Mafia didn’t like me, except for the tickling game. It went like this: Mafia chased me, I ran. He caught me, I yelled and shrieked. He tickled me—under my arms and behind my knees, under my chin and between my ribs. I shrieked more, until finally he pulled my clothes off and put me on his lap and rubbed his hands between my legs. When he stopped, the game was over. That’s how it worked. I was four when I first learned to play.
One way jackalopes escape hunters is by imitating the human voice. A jackalope will call out trick phrases—There he goes! and Quick! Over there!—to throw you off the trail. Mafia said the best way to catch a jackalope was to lure it with whiskey. “Jackalopes love whiskey,” he said. “Drunk animals are slower and easier to hunt.” Mafia rarely drank. Neither did Mom—not since the explosion. But I already knew how to get away. I pulled myself through a doorway inside myself.
Some people say it was a taxidermist in Douglas who created the first jackalope in 1934. The taxidermist was late for dinner one night and tossed a dead rabbit down on the ground next to a pair of antlers lying on the floor of his shop. When the taxidermist came back from dinner, he looked at the rabbit and the antlers and decided to mount them together, just as they were. The taxidermist made a fortune selling jackalope trophies. The Douglas Chamber of Commerce issues thousands of official jackalope hunting licenses every year. The hunting of jackalopes is highly restricted, though, allowed only between midnight and 2:00 a.m. on June 31.
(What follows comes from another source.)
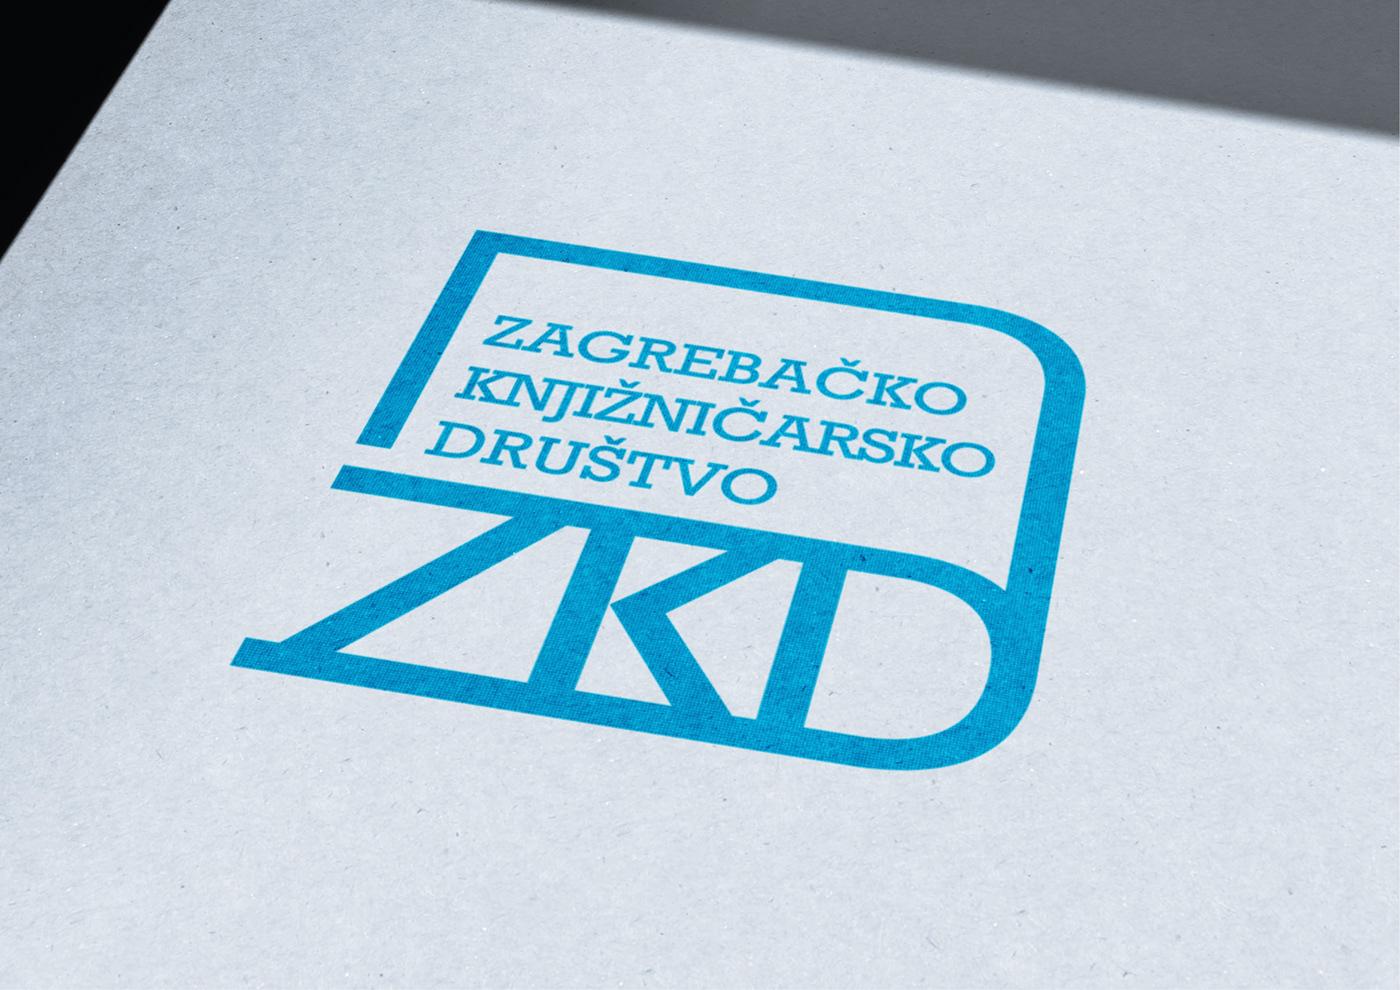 visual identity logo sign Logotype

Anyway, here’s the thing about doorways: once you go through, you’re through. That is to say, even if you go back, you will never see the world the same as before. It’s like being nearsighted and looking through eyeglasses for the first time. You can take the glasses off, but you will always know that cottonwood leaves shimmy singularly in the wind.
Someday I will go back to the Wyoming of my childhood. I will roam the open fields all the way to the foothills. Forget mountains—they’re too far out. In the fields, I will smell the peppery dirt. I will rub sage into my palms, my hair, my mouth. I will rip a tumbleweed from the ground and feed it to the wind.
I will visit the town of Douglas on June 31 between midnight and 2:00 a.m. I will walk in the moonlight and cast a watchful eye. I will trace my fingers along the length of barbed wire that separates one plot from another. I will feel in the dark for that particular point, sharp and exact, where I turned.